Facevo tenerezza a me stessa, non mi amettevo di essere drogata di un’idea. Letteralmente drogata. Quando attraversava il reparto, con la sua camminata lenta e troppo decisa, lo guardavo dalla testa ai piedi, dovevo trovarne tutti i difetti, fisici, di movimento. Tutti. Dovevo convincermene. Dovevo riprendere il controllo. 

Avevo ripreso a fare colazione la mattina, qualcosa stava cambiando in me. Io non lo accettavo. Lo odiavo. Lo odiavo? 
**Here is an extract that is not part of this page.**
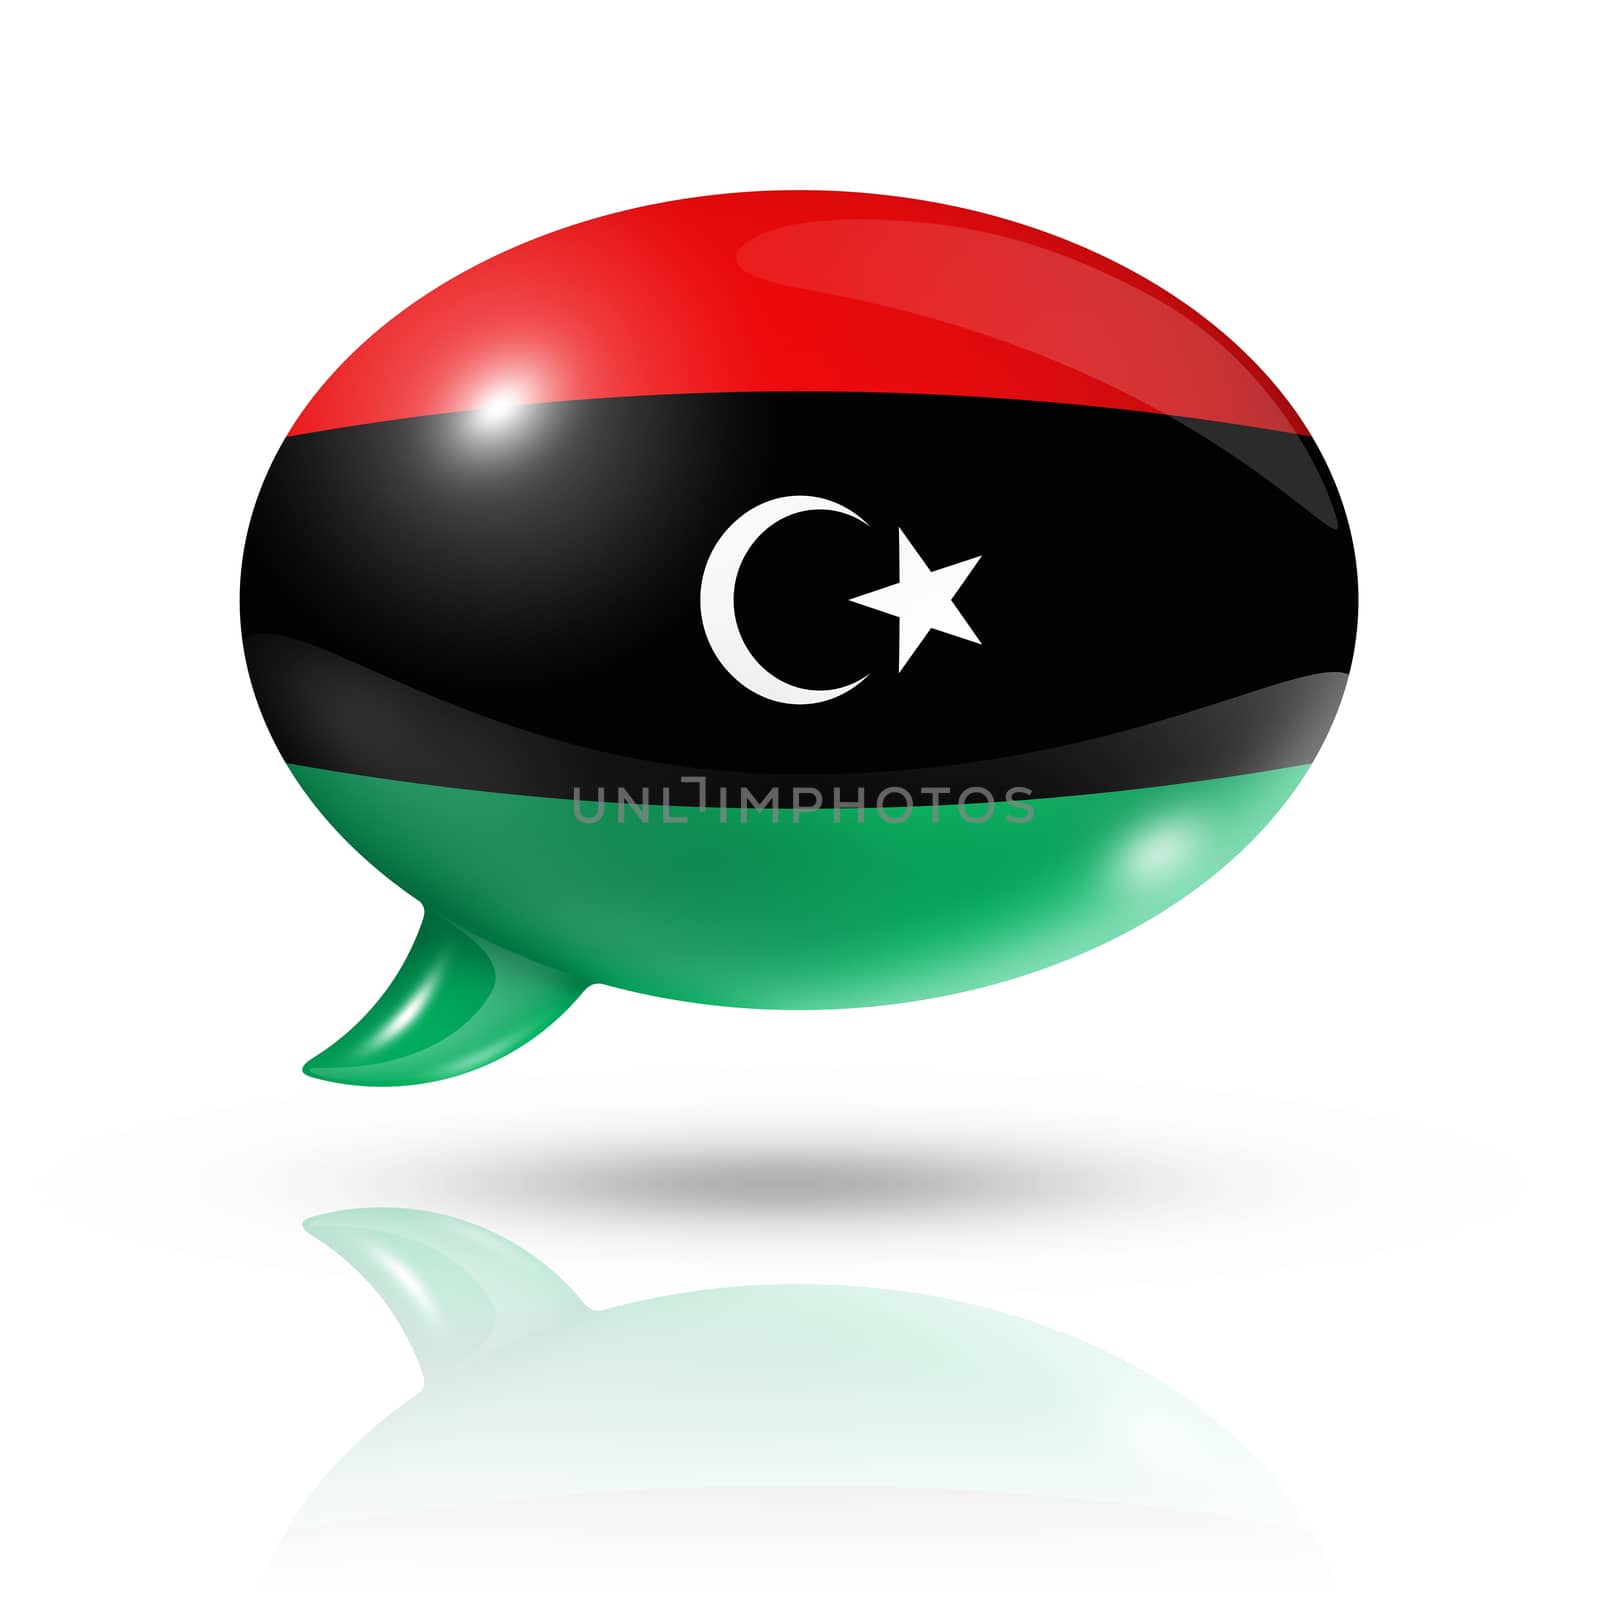 Libyan flag speech bubble by daboost

Una delle mie tante mattine nella piena confusione del civico, una donna mi prende per il braccio, un’infermiera che di corsa, per farsi aiutare, mi trascina nel suo ambulatorio. Io in ambulatorio non c’ero mai stata. Non sapevo nemmeno se fossi all’altezza della situazione. Non sapevo cosa mi aspettasse. Non avevo idea di cosa si facesse. Sapevo solo che ci stavamo dirigendo lì. 

Lui era lì, seduto davanti la scrivania. Si è girato col suo solito sguardo gelido, non un cenno di saluto. Nulla. Neanche io. Adesso sapevo che era un medico, che lavorava lì e che quella mattina io avrei, non so con quale calma, dovuto lavorare con quel freddo. 

Quella mattina, quella dopo, quella dopo ancora…. 

Uno sguardo e un miliardo di pensieri

tumblr_lwmpg1qjcP1r4dycjo1_400Tutto avrei desiderato in quel periodo e tante cose la mia testa immaginava sarebbero successe in quel reparto: tranne una cosa

Immaginavo avrei provato tanta tristezza,  immaginavo non sarebbe stato facile raggiungere il giusto equilibrio tra il distacco dalle sofferenze di un paziente e quel legame con lo stesso, necessario per creare un rapporto di fiducia e sicurezza, si. Il rapporto empatico, insomma. Era tutto una novità, potevo solo immaginare e la mia immaginazione si fermava lì, a quel giorno. Mi credete? Il giorno Maledetto. 


Sapete quando guardate da un’altra parte, ma avvertite di essere osservati, fissati da qualcuno? Quasi in modo inquietante. Ecco, per me non era stato esattamente un “quasi”. Ricordo nitidamente quella terribile  sensazione nell’essere inquietata da una presenza che mi fissava e non appena avevo trovato il coraggio di voltarmi per capire chi fosse, già era andato via. Una ridicola apparizione. Una terribile sensazione che, non so il perchè, mi ha accompagnata per tutta la giornata. Anche uscita dall’ospedale. Io non sapevo chi fosse, non sapevo come fosse fatto. Sapevo, però, COSA mi avesse fatto e non era nulla di bello.  


Quella bambina diventata un’adulta, ormai, un po’ folle e in perenne contrapposizione con me. Lei In cerca di follie per sentirsi viva, per uscire dalla tomba cui ciclicamente si addormentava, con picchi di emozioni fortissime e irrazionali. La Ragazza Cubica, una cacciatrice di paure. Le stesse che da bambina l’hanno fortemente incuriosita e devastata e IO, un po’ una sua vittima e un po’ sua complice.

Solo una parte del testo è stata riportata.